Yet many farmers use silage analysis results reactively — only when performance disappoints — rather than as a tool to build the ration from the outset. Getting the analysis done immediately after clamping (or at least before feeding begins) and using the numbers to formulate the ration is one of the highest-return management actions on any feeding system.
What each figure means
Dry Matter (DM %)
The percentage of the sample that is solid material — everything except water.
1st cut typical
28–35%
2nd cut typical
22–30%
Good result
30–34%
Watch out
Below 20% or above 40%
Very wet silage (low DM) loses effluent and nutrients. Very dry silage can heat and cause secondary fermentation. First cut is usually drier than second cut.
Metabolisable Energy (ME, MJ/kg DM)
The energy available to the animal after digestive losses. The single most important number on the report.
1st cut typical
10.0–11.2
2nd cut typical
10.5–11.5
Good result
11.0+
Watch out
Below 9.5
ME is calculated from D-value. Every 0.5 MJ/kg DM increase in ME is roughly equivalent to 1 kg of concentrate per cow per day in a dairy ration.
D-value (%)
Digestibility of organic matter — the percentage of the organic fraction the animal can digest.
1st cut typical
65–72
2nd cut typical
68–75
Good result
70+
Watch out
Below 63
D-value is closely related to ME: D-value ÷ 10 × 1.5 ≈ ME. D-value falls rapidly as the grass matures past the early heading stage — cutting date is the single biggest influence.
Crude Protein (CP %)
Total nitrogen content × 6.25. Includes both true protein and non-protein nitrogen (NPN).
1st cut typical
12–16%
2nd cut typical
14–18%
Good result
14–16%
Watch out
Below 10% or above 20%
Very high CP (>18%) in second cuts from heavily fertilised swards often contains a lot of NPN (ammonia), which has less feeding value than true protein. Check the ammonia N figure alongside CP.
pH
The acidity of the silage. Lower pH means better fermentation and preservation.
1st cut typical
3.7–4.2
2nd cut typical
3.7–4.2
Good result
Below 4.0
Watch out
Above 4.5
Dry silage naturally achieves adequate preservation at a higher pH. Wet silage (below 25% DM) needs pH below 4.0 to be stable. A high pH on wet silage indicates poor fermentation.
Ammonia N (% of total N)
The proportion of total nitrogen present as ammonia — an indicator of how much protein has broken down during fermentation.
1st cut typical
Aim <7%
2nd cut typical
Aim <7%
Good result
Below 7%
Watch out
Above 15%
High ammonia N means protein has been degraded to a less useful form. It increases the pH required for stability, contributes to poor palatability, and is often caused by delayed wilting, soil contamination, or slow clamp filling.

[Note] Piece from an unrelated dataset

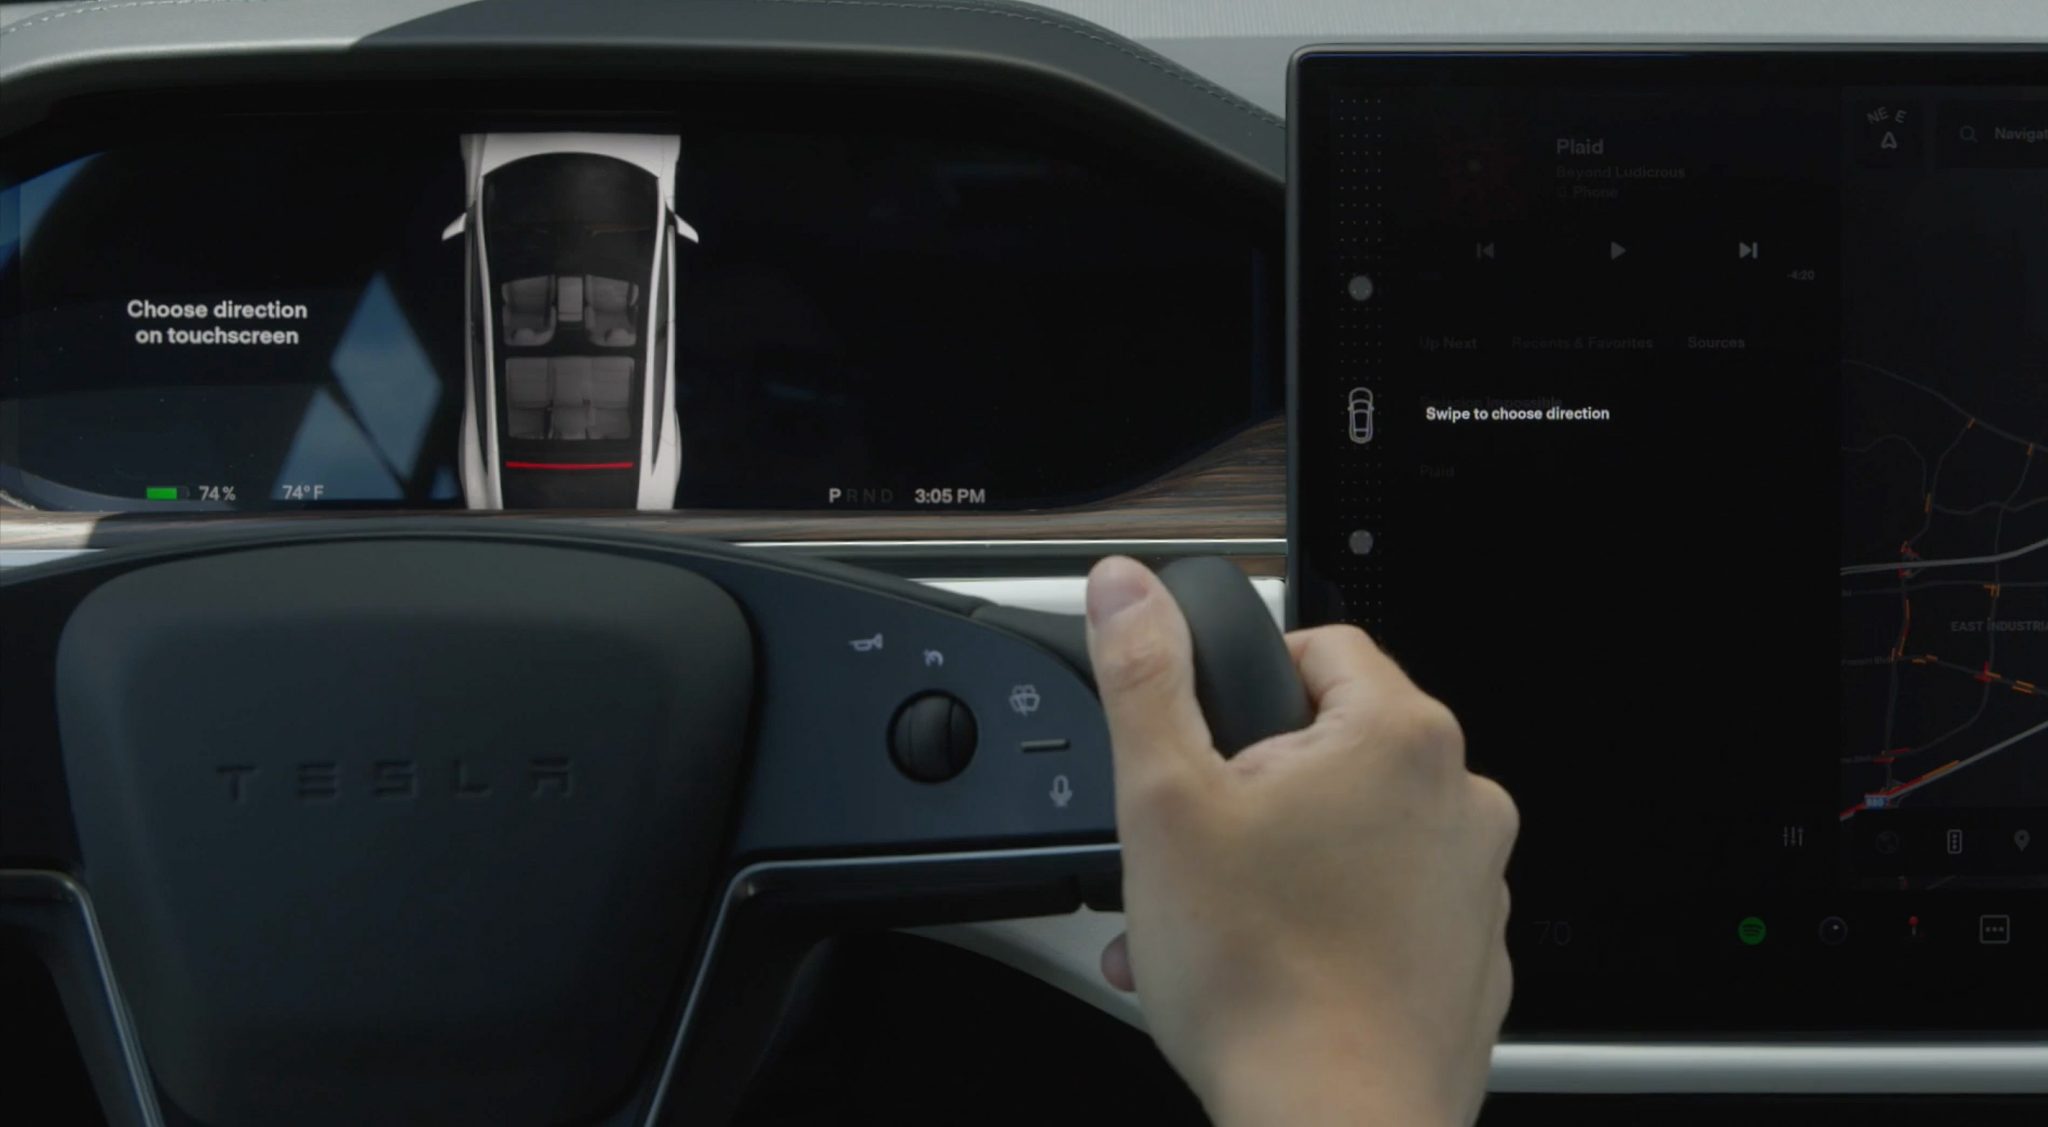 Tesla Model S Plaid Owner's Manual reveals how "Auto Shift" works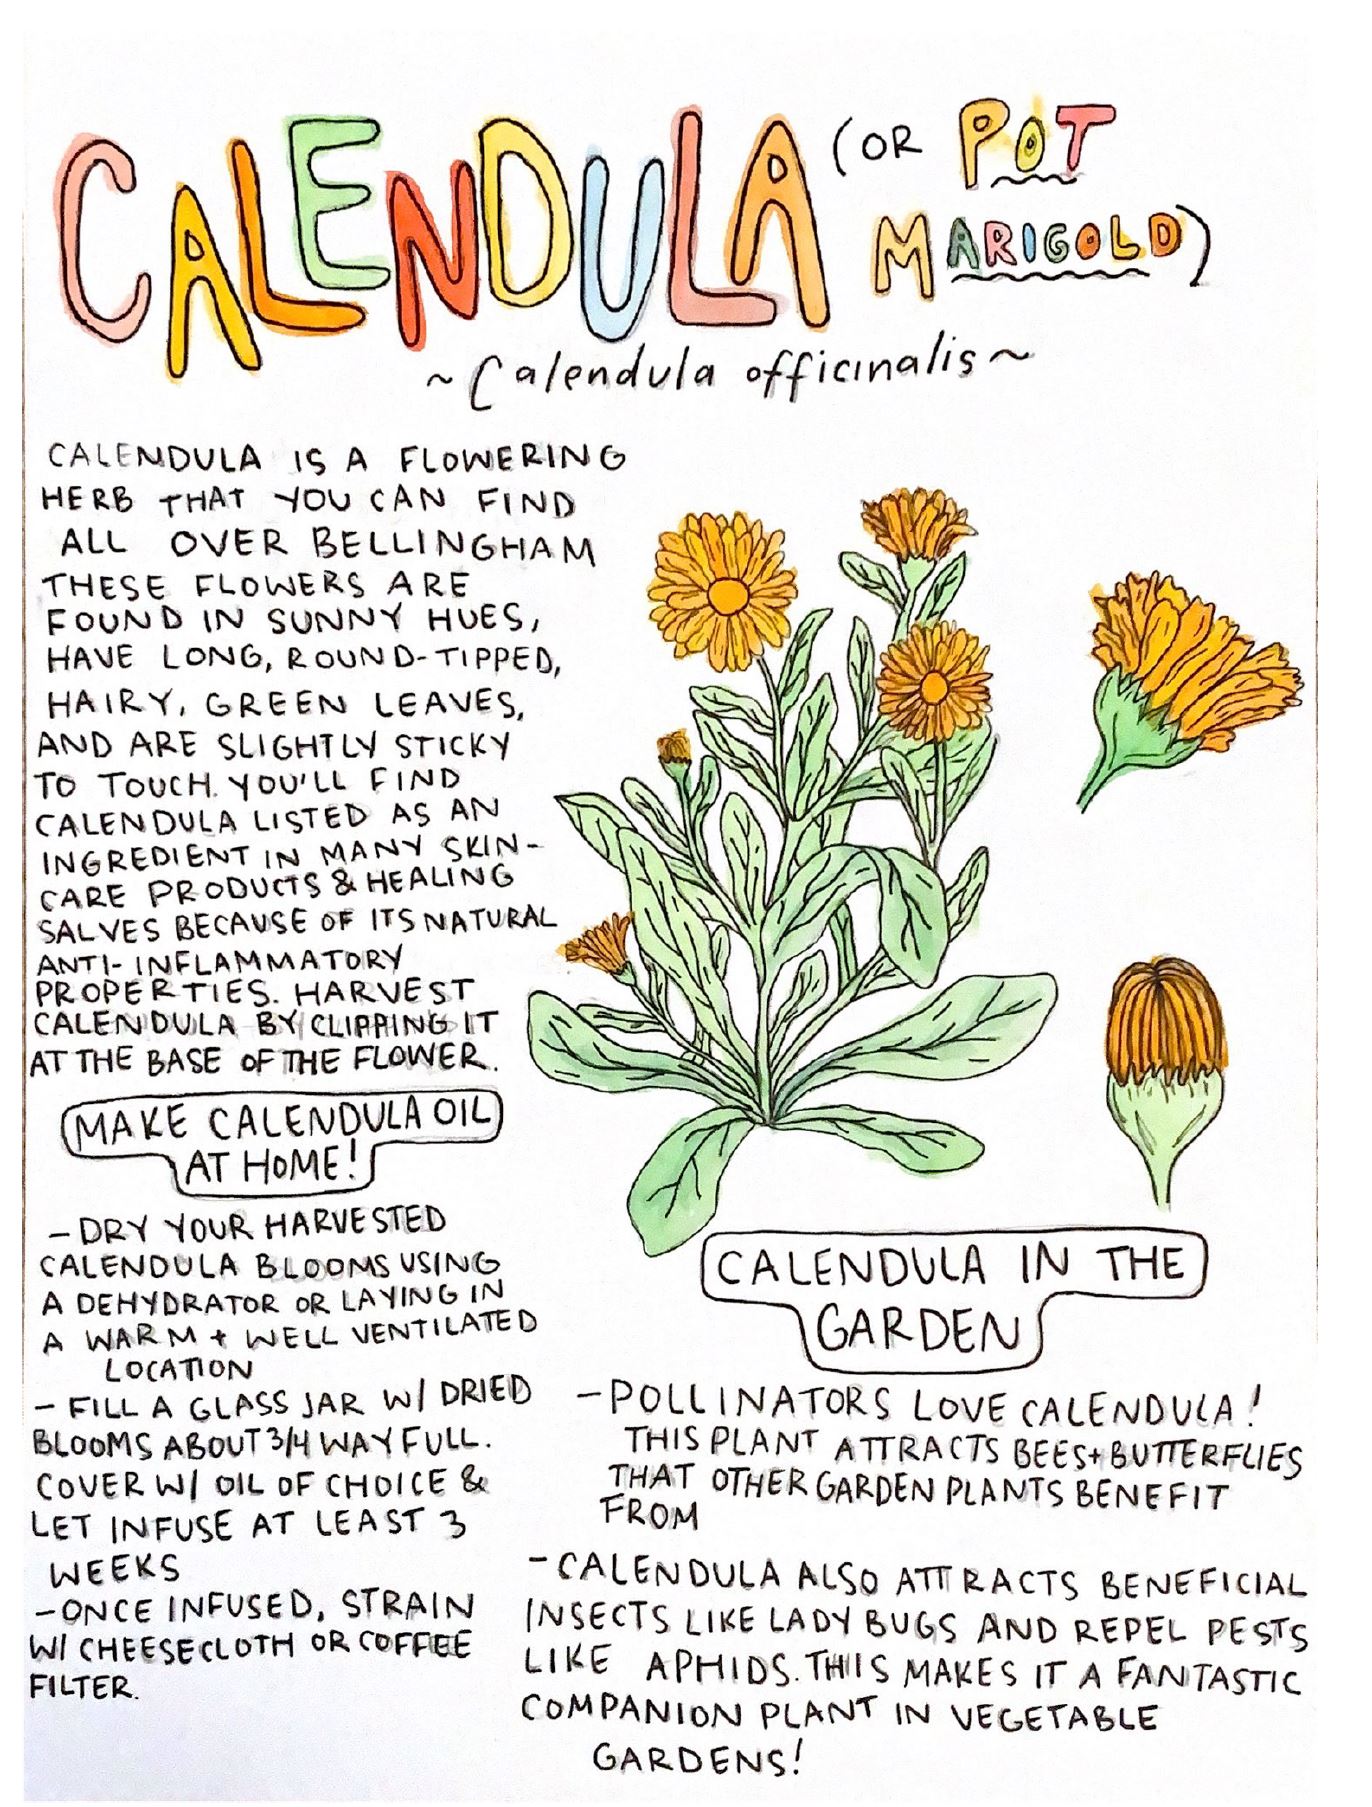 A document describing Calendula and it uses

NDF (Neutral Detergent Fibre, % DM)
Total cell wall content — the structural fibre. High NDF reduces intake because the rumen fills faster.
1st cut typical
45–55%
2nd cut typical
40–50%
Good result
Below 50%
Watch out
Above 60%
NDF is the best indicator of potential intake. A silage with high ME but also high NDF can disappoint in practice because the animal cannot eat enough of it. Second cuts from leafy swards tend to have lower NDF.
ADF (Acid Detergent Fibre, % DM)
The less digestible fraction of the cell wall, mainly cellulose and lignin.
1st cut typical
28–36%
2nd cut typical
25–32%
Good result
Below 32%
Watch out
Above 38%
ADF is used to calculate D-value and ME. High ADF means the grass was cut late or the sward contained a high proportion of stems and dead material. Unlike NDF, ADF cannot be improved by processing.
WSC (Water Soluble Carbohydrates, % DM)
The sugars available as a fermentation substrate when ensiling.
1st cut typical
5–15%
2nd cut typical
8–18%
Good result
10%+
Watch out
Below 5%
High WSC grass (ryegrass-dominant swards, cut in sunny conditions) ferments more readily and tends to achieve lower pH. Low WSC is common in wet years and on heavily shaded swards — these benefit most from an additive.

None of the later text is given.